Personal information
- Full name: Walter John Downes
- Date of birth: 9 June 1961 (age 65)
- Place of birth: Hammersmith, England
- Height: 5 ft 10 in (1.78 m)
- Position: Midfielder

Team information
- Current team: Lions Gibraltar (manager)

Youth career
- Wimbledon

Senior career*
- Years: Team / Apps / (Gls)
- 1979–1988: Wimbledon / 207 / (15)
- 1987: → Newport County (loan) / 4 / (2)
- 1988: Sheffield United / 9 / (1)
- 1988: Hayes
- Total:  / 220 / (18)

Managerial career
- 2002–2004: Brentford
- 2018–2019: AFC Wimbledon
- 2025–: Lions Gibraltar

= Wally Downes =

English football player, coach and manager

Walter John Downes (born 9 June 1961) is an English professional football manager and former player who is currently the manager of Gibraltar Football League side Lions Gibraltar.

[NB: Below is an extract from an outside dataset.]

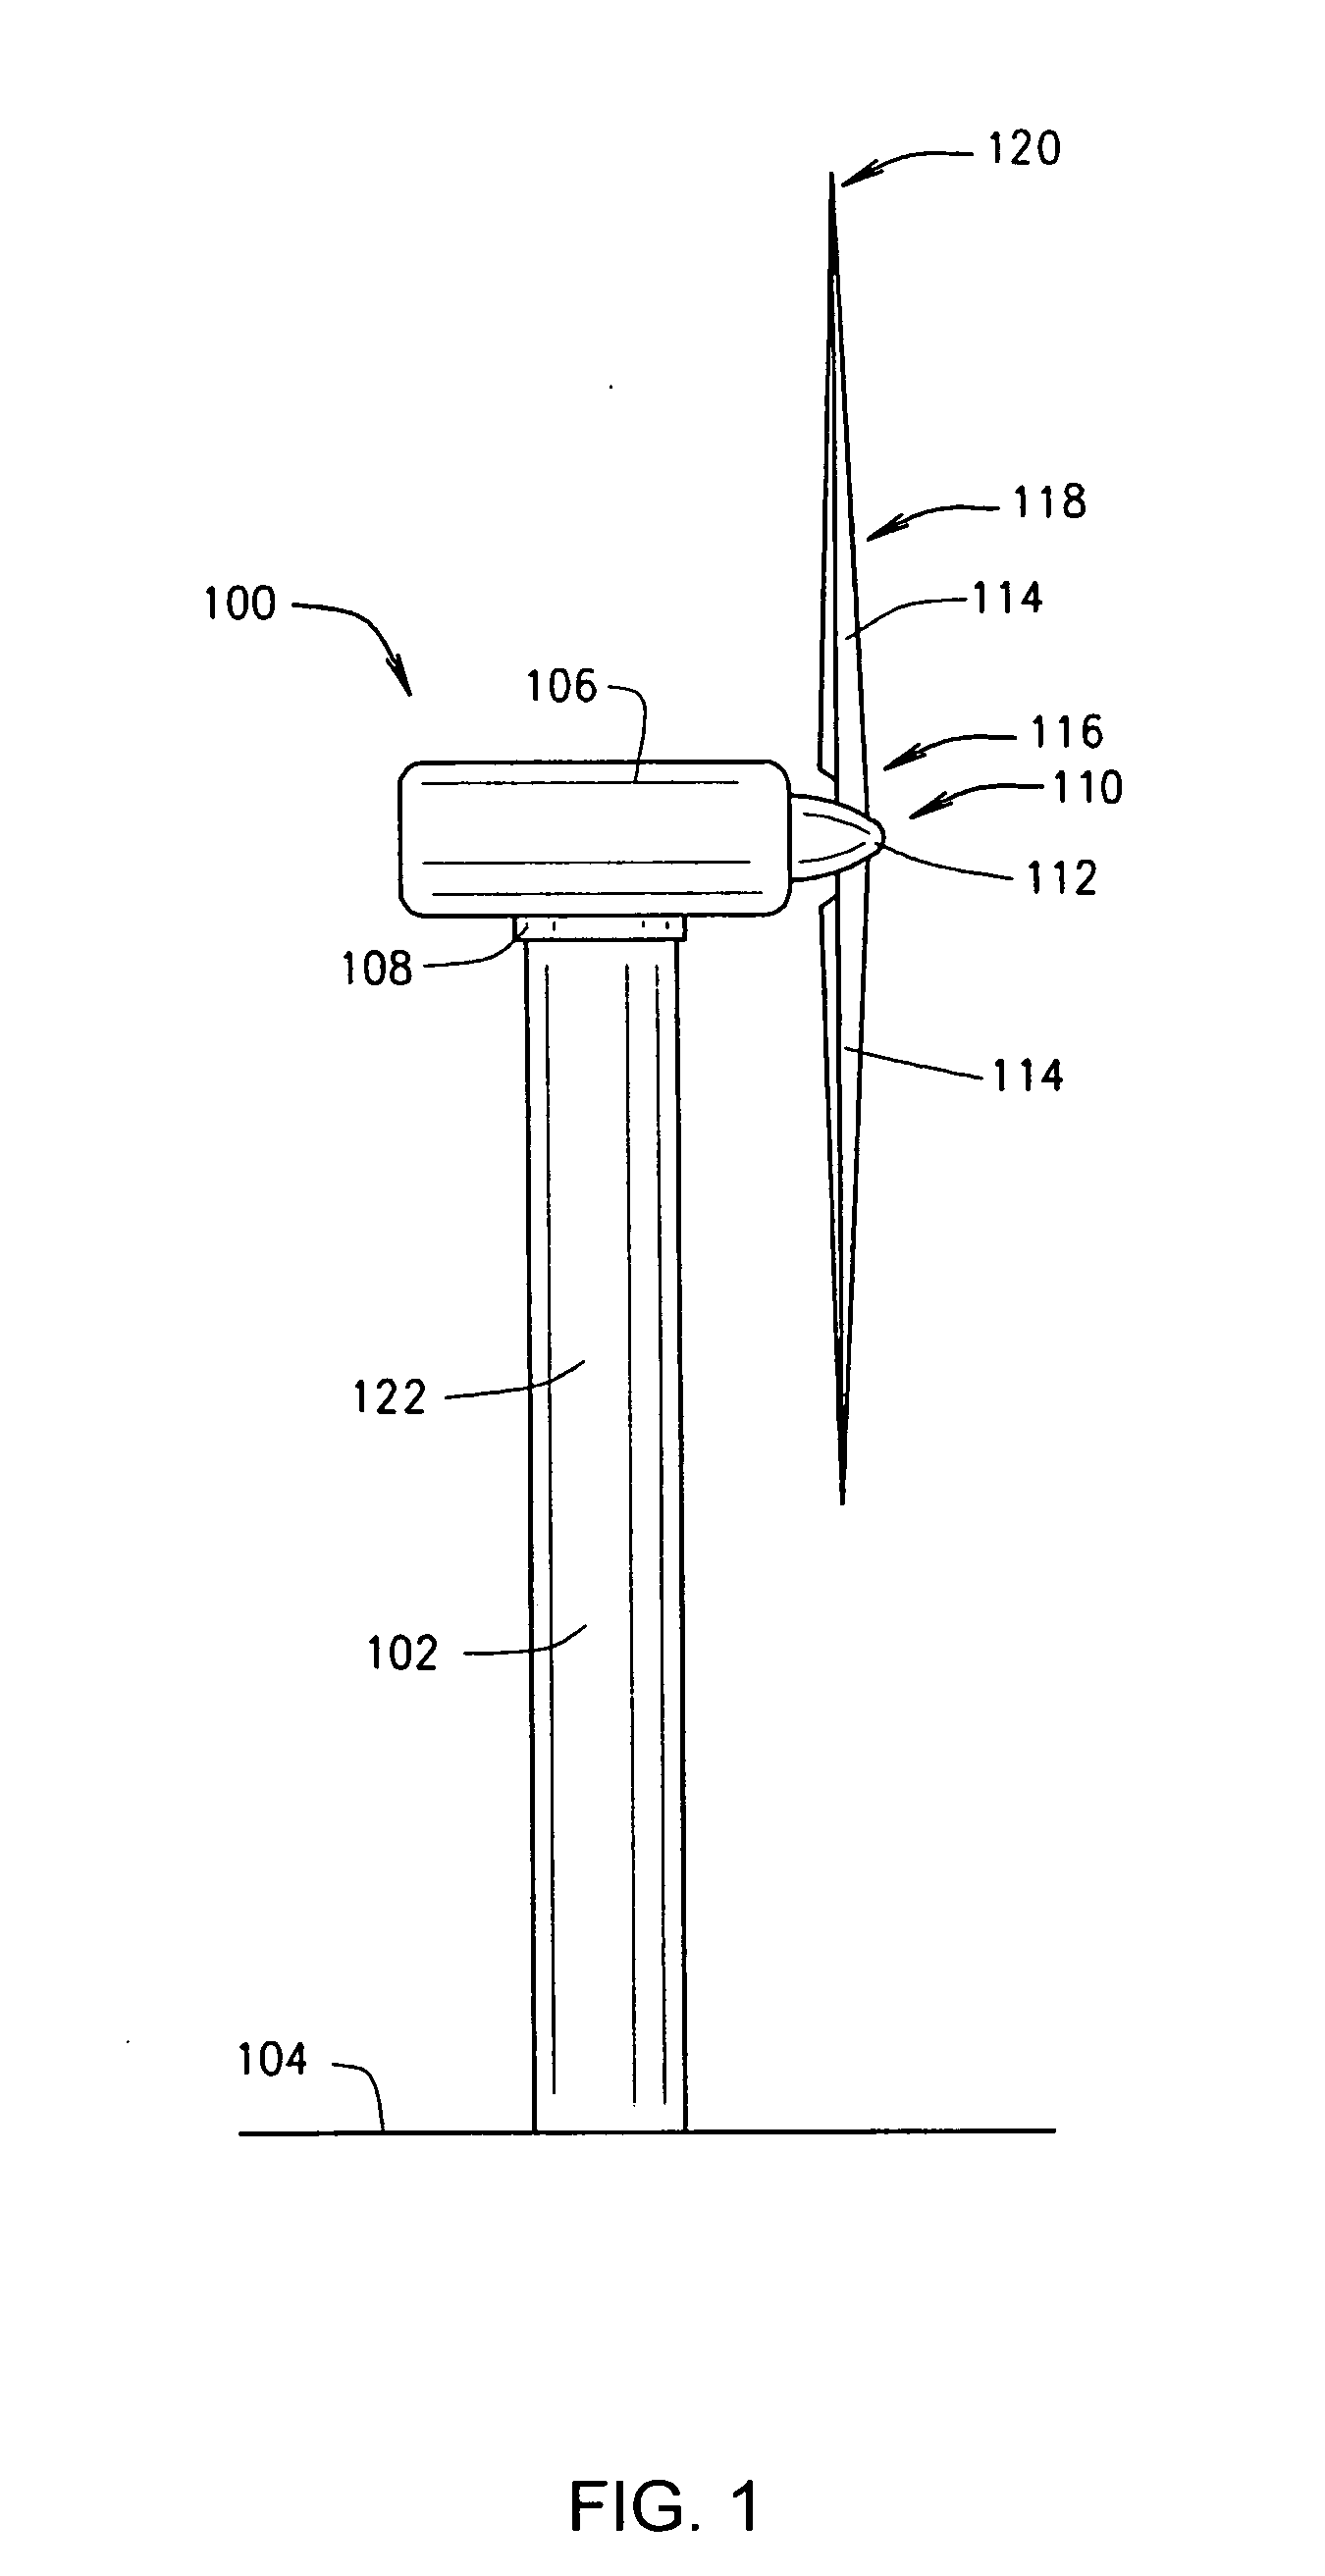 Methods of making wind turbine rotor blades

As a midfielder, Downes played the majority of his career for Wimbledon as well as shorter spells with Newport County, Sheffield United and Hayes. He was previously the manager of Brentford between 2002 and 2004 and AFC Wimbledon between 2018 and 2019.

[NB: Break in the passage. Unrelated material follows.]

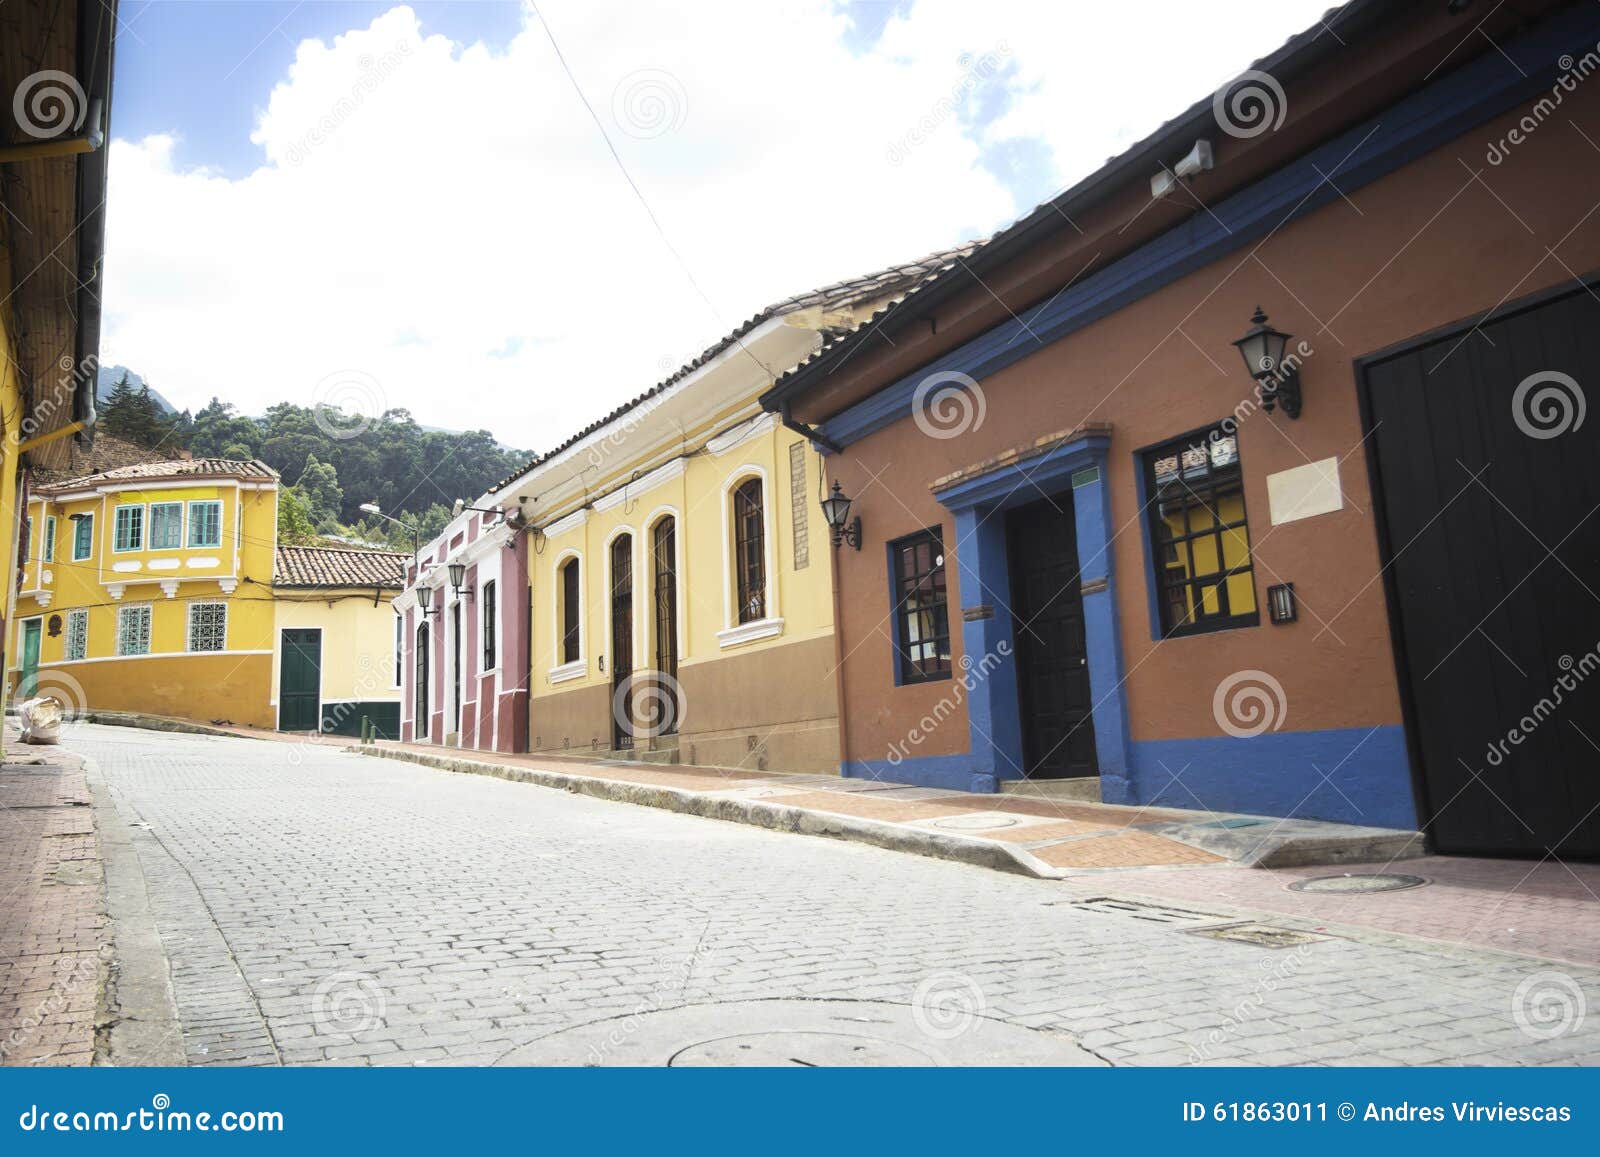 colorful houses at la candelaria in bogotÃÂ¡

==Early and personal life==
Downes was born in Hammersmith, London. He is the nephew of former world middleweight boxing champion Terry Downes.

==Playing career==
Downes started out as an apprentice with Wimbledon and was their first ever full-time Football League apprentice. He is often cited as being the main instigator of the Crazy Gang spirit at the club, as it rose from the Fourth to the First Division inside a decade. In 1979, aged 17 he scored on his league debut against Barnsley and went on to make over 200 appearances for Wimbledon, usually as a midfielder.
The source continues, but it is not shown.